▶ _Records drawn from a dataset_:
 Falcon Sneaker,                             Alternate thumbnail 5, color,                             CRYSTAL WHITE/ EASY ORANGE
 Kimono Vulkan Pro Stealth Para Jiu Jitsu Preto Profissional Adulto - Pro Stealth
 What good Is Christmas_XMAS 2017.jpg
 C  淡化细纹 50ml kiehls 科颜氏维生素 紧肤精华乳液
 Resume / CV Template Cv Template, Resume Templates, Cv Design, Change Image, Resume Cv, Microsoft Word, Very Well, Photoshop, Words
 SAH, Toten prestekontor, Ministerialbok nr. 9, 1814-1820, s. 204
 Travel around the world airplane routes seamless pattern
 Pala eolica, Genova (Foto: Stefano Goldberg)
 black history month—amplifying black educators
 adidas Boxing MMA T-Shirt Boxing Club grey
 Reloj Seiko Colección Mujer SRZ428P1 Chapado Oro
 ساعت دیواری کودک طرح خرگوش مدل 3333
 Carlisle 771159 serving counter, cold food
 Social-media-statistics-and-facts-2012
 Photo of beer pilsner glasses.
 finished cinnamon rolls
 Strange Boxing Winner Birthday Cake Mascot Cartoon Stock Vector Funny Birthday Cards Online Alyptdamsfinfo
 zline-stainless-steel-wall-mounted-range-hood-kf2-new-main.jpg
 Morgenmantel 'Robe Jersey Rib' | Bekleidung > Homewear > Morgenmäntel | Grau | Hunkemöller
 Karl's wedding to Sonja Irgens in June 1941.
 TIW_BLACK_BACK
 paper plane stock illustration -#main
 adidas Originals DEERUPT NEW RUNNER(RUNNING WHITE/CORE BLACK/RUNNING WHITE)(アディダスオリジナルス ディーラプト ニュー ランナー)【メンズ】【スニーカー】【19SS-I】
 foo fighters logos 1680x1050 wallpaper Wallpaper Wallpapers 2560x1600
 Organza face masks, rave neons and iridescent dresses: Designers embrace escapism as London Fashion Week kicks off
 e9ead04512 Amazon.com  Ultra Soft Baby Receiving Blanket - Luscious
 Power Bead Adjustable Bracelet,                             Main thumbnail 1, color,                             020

▶ _TASK TO COMPLETE_: Reproduce every record above exactly.

▶ _TASK ANSWER_:
 Falcon Sneaker,                             Alternate thumbnail 5, color,                             CRYSTAL WHITE/ EASY ORANGE
 Kimono Vulkan Pro Stealth Para Jiu Jitsu Preto Profissional Adulto - Pro Stealth
 What good Is Christmas_XMAS 2017.jpg
 C  淡化细纹 50ml kiehls 科颜氏维生素 紧肤精华乳液
 Resume / CV Template Cv Template, Resume Templates, Cv Design, Change Image, Resume Cv, Microsoft Word, Very Well, Photoshop, Words
 SAH, Toten prestekontor, Ministerialbok nr. 9, 1814-1820, s. 204
 Travel around the world airplane routes seamless pattern
 Pala eolica, Genova (Foto: Stefano Goldberg)
 black history month—amplifying black educators
 adidas Boxing MMA T-Shirt Boxing Club grey
 Reloj Seiko Colección Mujer SRZ428P1 Chapado Oro
 ساعت دیواری کودک طرح خرگوش مدل 3333
 Carlisle 771159 serving counter, cold food
 Social-media-statistics-and-facts-2012
 Photo of beer pilsner glasses.
 finished cinnamon rolls
 Strange Boxing Winner Birthday Cake Mascot Cartoon Stock Vector Funny Birthday Cards Online Alyptdamsfinfo
 zline-stainless-steel-wall-mounted-range-hood-kf2-new-main.jpg
 Morgenmantel 'Robe Jersey Rib' | Bekleidung > Homewear > Morgenmäntel | Grau | Hunkemöller
 Karl's wedding to Sonja Irgens in June 1941.
 TIW_BLACK_BACK
 paper plane stock illustration -#main
 adidas Originals DEERUPT NEW RUNNER(RUNNING WHITE/CORE BLACK/RUNNING WHITE)(アディダスオリジナルス ディーラプト ニュー ランナー)【メンズ】【スニーカー】【19SS-I】
 foo fighters logos 1680x1050 wallpaper Wallpaper Wallpapers 2560x1600
 Organza face masks, rave neons and iridescent dresses: Designers embrace escapism as London Fashion Week kicks off
 e9ead04512 Amazon.com  Ultra Soft Baby Receiving Blanket - Luscious
 Power Bead Adjustable Bracelet,                             Main thumbnail 1, color,                             020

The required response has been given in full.